The nuclear industry lacks a technical definition for a full meltdown, but the term is generally understood to mean that radioactive fuel has breached containment measures, resulting in a massive release of fuel.
Tepco engineers estimate that 90% of the fuel is still in the inner pressure vessel and that there are no cracks or obvious ruptures to the outer containment vessel, where Mr. Matsumoto said the rest of the fuel is likely contained. So the risk of a large radioactive release of fuel is minimal, he said.
In response to a question about whether the situation could be described as a "meltdown," Mr. Matsumoto said that if the definition is that the fuel rods melt and lose their shape, "that is fine."
Soon after the March 11 quake and tsunami knocked out the plant's cooling systems, temperatures in the No. 1 reactor likely rose to more than 2,000 degrees Celsius, experts have said, well above the point at which the metal casings of the fuel rods would begin to melt. The fuel pellets inside would start melting at 2,800 degrees, potentially fusing into a dangerous large mass. Tepco estimates the fuel rods in the No. 1 reactor have been 55% destroyed, making it the worst-damaged of the plant's six reactors.
The temperature in the pressure vessel now hovers around 100 to 120 degrees Celsius, indicating progress in the cooling effort, Mr. Matsumoto said.
The tops of the four-meter-long fuel rods reach a little more than nine meters from the bottom of the pressure vessel; past data suggested the water was eight meters deep, enough to mostly submerge them. When workers entered the reactor building this week and corrected the water gauge, it told them the depth was just four meters.
If the rods were intact, that would leave them dry. But Mr. Matsumoto said he believes that some of the fuel slid down and is likely sitting in water.

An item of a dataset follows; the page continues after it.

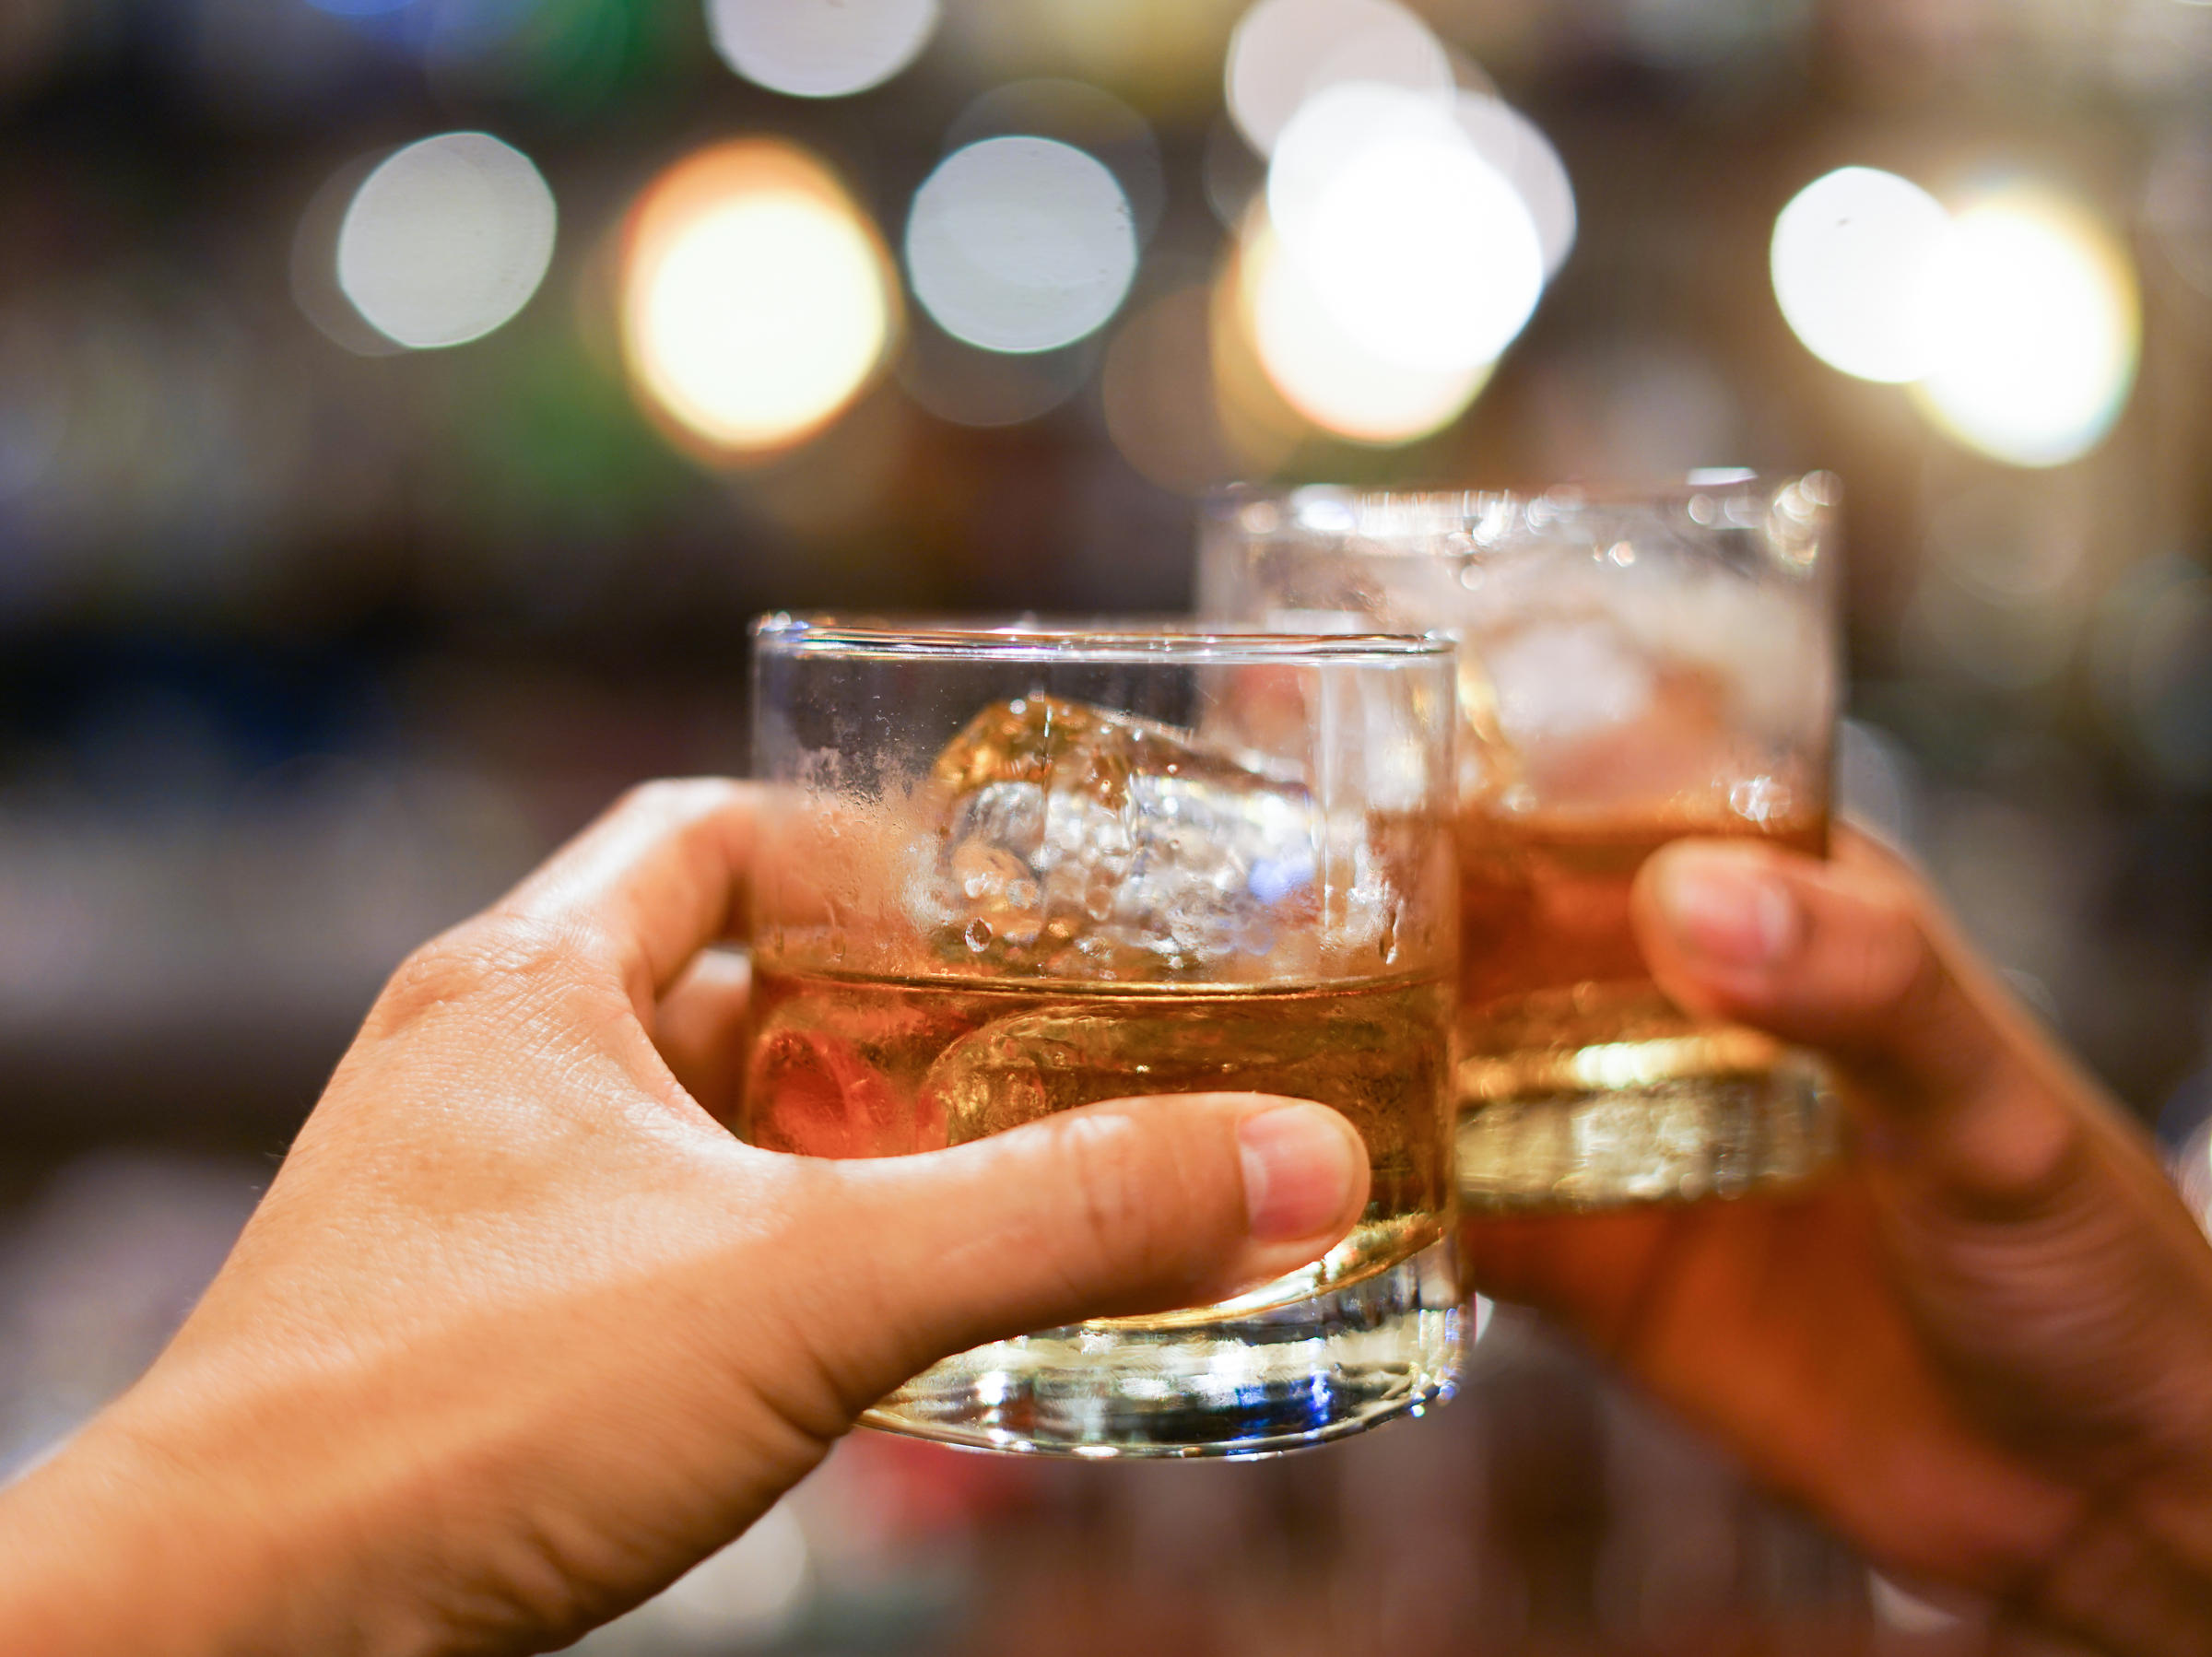 Alcohol Delivery Company Drizly Sees Sales Jump Amid ...

A top U.S. Nuclear Regulatory Commission official expressed concern Thursday with potential structural problems at a stricken Japanese nuclear plant. "The reliability of instrumentation complicates our understanding of the exact plant conditions at any given time," said Bill Borchardt, the commission's executive director of operations.
Thursday's news signals likely delays as Tepco figures out how to deal with possible leaks. Tepco has injected 10.4 million liters of cooling water into the Reactor No. 1 vessel so far, much of which the company says it now suspects has been leaking from the pressure vessel and the larger beaker-shaped containment vessel that surrounds it.
That water is likely accumulating in the basement of the reactor building, where radiation levels are still too high for anyone to enter.
If so, Tepco would need another huge operation to collect and decontaminate the water, similar to one already conducted at Reactor No. 2.
"The biggest challenge for us is how to repair damaged parts of the containment vessel," Mr. Matsumoto said.
Tepco and regulators have a six-to-nine-month road map to bring all the reactors to a state of cold shutdown and end the continued release of radiation that has forced mass evacuations from the area.
Since May 6, the company has tried to flood the No. 1 containment vessel with enough water to submerge the pressure vessel and bring the temperature of the fuel inside to a safe temperature. Tepco will have to revise its plans to fill the reactor unit with water, since that requires the containment vessel be whole.
Workers would have to fix any leaks in the containment vessel before the pressure vessel could be submerged, Mr. Matsumoto said. That presents problems too, since the area around the containment vessel is highly radioactive, meaning that workers can't be there for long.